Keeping Creative at Home: How to get creative with sound

Musician and sound artist Lucy Claire shares a range of creative arts activities which use soundscapes and listening to engage and inspire

12 May 2020

Image credit: Sound on Sound

Whether you're a teacher, a parent, or both, we hope our Keeping Creative at Home blog series will help you and your children through this tricky period of adjustment.

We're aware there's currently a lot of pressure on parents in particular around home education. So, first and foremost, all of the activities in this series are designed to be fun, creative experiences for your children (and hopefully for you too!), but there is also potential for learning in all of them.

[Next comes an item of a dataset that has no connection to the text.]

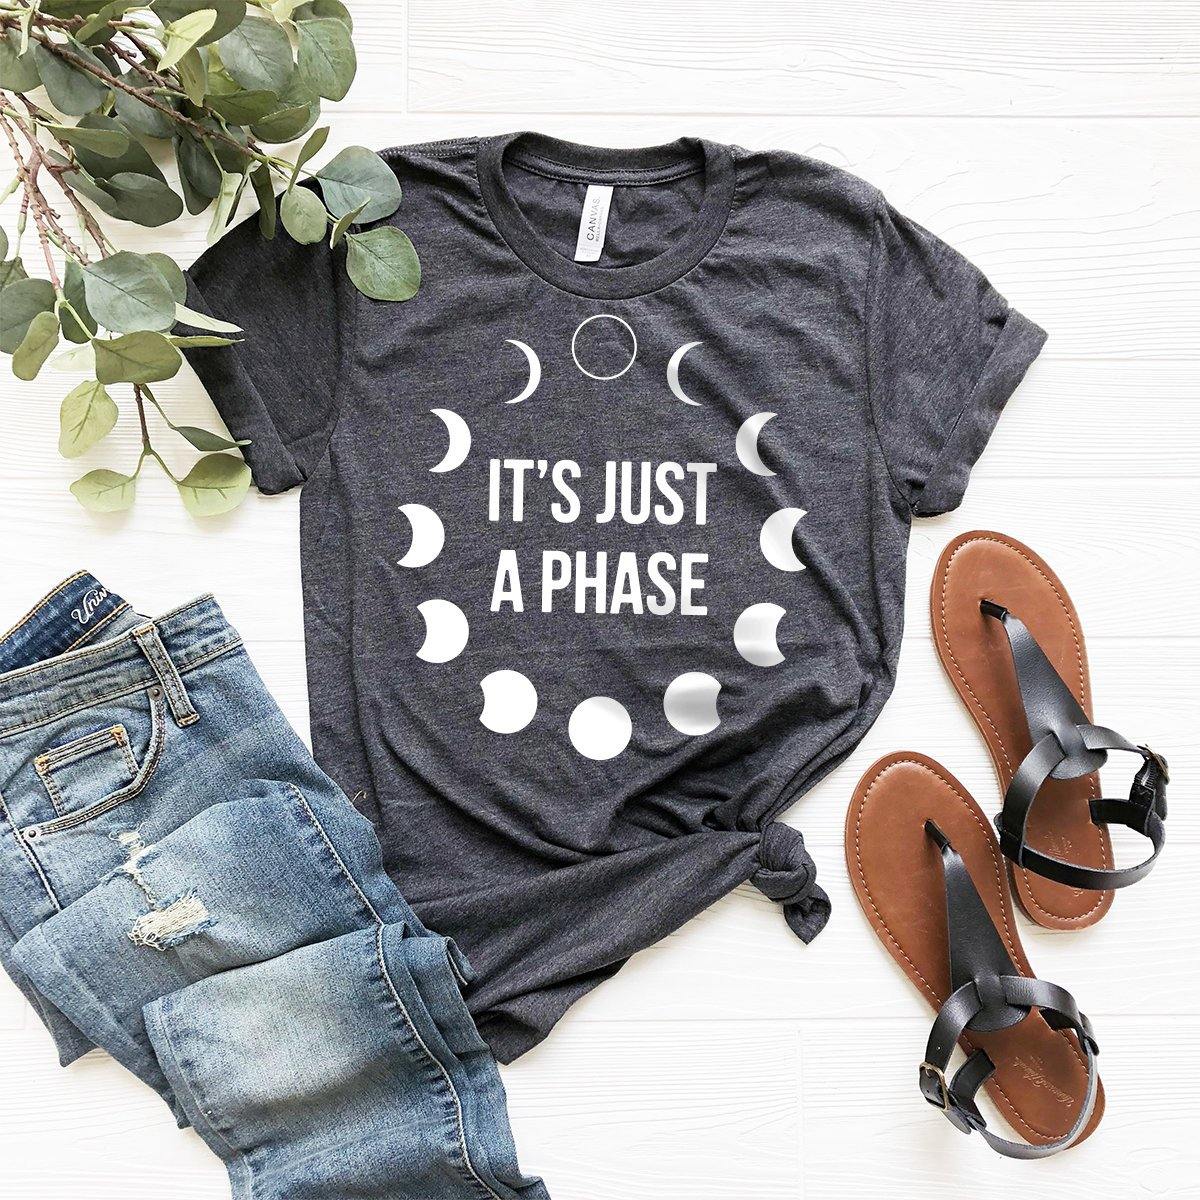 Funny Astrology Shirt, Moon Phases Shirt, It's Just A Phase Shirt, Moon Shirts, Astronomy T-Shirt, Phases Of The Moon Tee, Celestial Shirt - Fastdeliverytees.com

Remember to share your Keeping Creative at Home creations using the #KeepingCreativeatHome hashtag – we'd love to see what you've been up to!


Most of these activities in this blog are based on Sounds Of Our World, a poetry audiobook Lucy has created to transport children to new and exciting places through sound and words, while encouraging active listening and promoting creative thinking along the way. The aim of Sounds Of Our World is to help young minds understand their world by listening closely to it.

Download sounds of our world

1. Go to the beach (by listening to it!)

  1. While listening to the soundscape, have a pencil in hand; poised and ready to write on an empty page. Close your eyes and move your pencil in time with the waves. Does your mark-making remind you of anything? What shapes or patterns have you drawn?
  2. Five hundred quadrillion grains of sand! That is a lot of sand – try to draw or paint every grain!
  3. Write a sensory poem about the beach:

    In 1 word, describe how the beach looks
    In 2 words, describe how water tastes
    In 3 words, describe how the sea smells
    In 4 words, describe how the sand feels
    In 5 words, describe how the waves sound
  1. If there was a storm out at sea, how do you think that would sound? It might be quite different to this soundscape. Can you write another sensory poem based on your own idea of what stormy weather would sound, look, smell, taste and feel like?

What to go further? Try these:

2. Listen to some house music

  1. Make a map of all the sounds you can hear in one room in your home. Draw yourself in the middle of the page and draw or write down every sound you hear in 5 minutes around you
  2. What is your favourite sound that you hear at home and why?
  3. Go for a walk around your home. Listen to the sound of your footsteps changing every time you step on a different surface. Experiment with using different shoes or force (for example, tiptoeing or stomping)
  4. Take a moment to sit and listen to the beat of the washing machine, microwave, kettle or another appliance that makes a noise. Can you drum the rhythm?
  5. What other objects in your home make sounds? Can you make a rhythm using a collection of these sounds as inspiration?

What to go further? Try these

3. Tune in to the African bush at night

  1. Who do you think ‘the invisible noise makers’ are? Can you draw what you think they might look like?
  2. Onomatoepiea is the name for special words that imitate the natural sounds of a thing. For example, dogs woof, mice squeak, lions roar and wolves howl.

    Can you find all the onomatopoeia words in the Limpopo Nights soundscape? And can you think of onomatopoeia words to describe some other sounds?
  3. Research a variety of animals that live in the African bush. Find out what sounds they make and practice making them. Can you have a conversation using some of those sounds?

What to go further? Try this:

4. Compose a storm song

  1. What does the wind look like? Can you draw it?
  2. Can you move like the wind? Make a dance routine for the wind. Be the wind
  3. Make your own storm song:

    Stand in a circle (or if there are only two people, stand face to face)
    Establish a drone by humming continuously
    Add the sound of the wind in the leaves
    Add the sound of a babbling flowing stream...

    Add the sound of insects
    The occasional sound of a bird...

    Develop it further: a storm is coming!

    Add some rain drops... starting lightly, getting heavier…

    Add the thunder coming from afar...
    Add the thunder right overhead!!!

    Decrease each sound as the storm goes away...

Sound Tool Box

humming, shhhh, tapping, ooooh, whistle, clicking, clacking, kakaaawwww, tweet, twittt twooo, ribbit, buzz, rubbing hands together

Add some of your own!

What to go further? Try this:

5. Write your own park life score

  1. This activity doesn’t require listening to a soundscape, but you need to imagine the sounds you might hear in a park. Think back to the last time you visited one, or next time you go, make sure to listen carefully and notice all the sounds you can hear. You could even record the background sounds using a tablet or smartphone
  2. Make a score of the park’s soundscape. A score is a way to write music down.
  • Close your eyes and listen
  • Put your pen to paper
  • And let your hand move with the sounds you hear

    Think about where the sounds are. Are they short or long? Spikey or smooth? Are they always there or do they come and go? How loud or quiet are they? Do they interact? Are some more beautiful than others?
  1. Have you ever noticed the sound a pigeon makes when it walks along the pavement? See if you can find one to listen to. You have to be very quiet!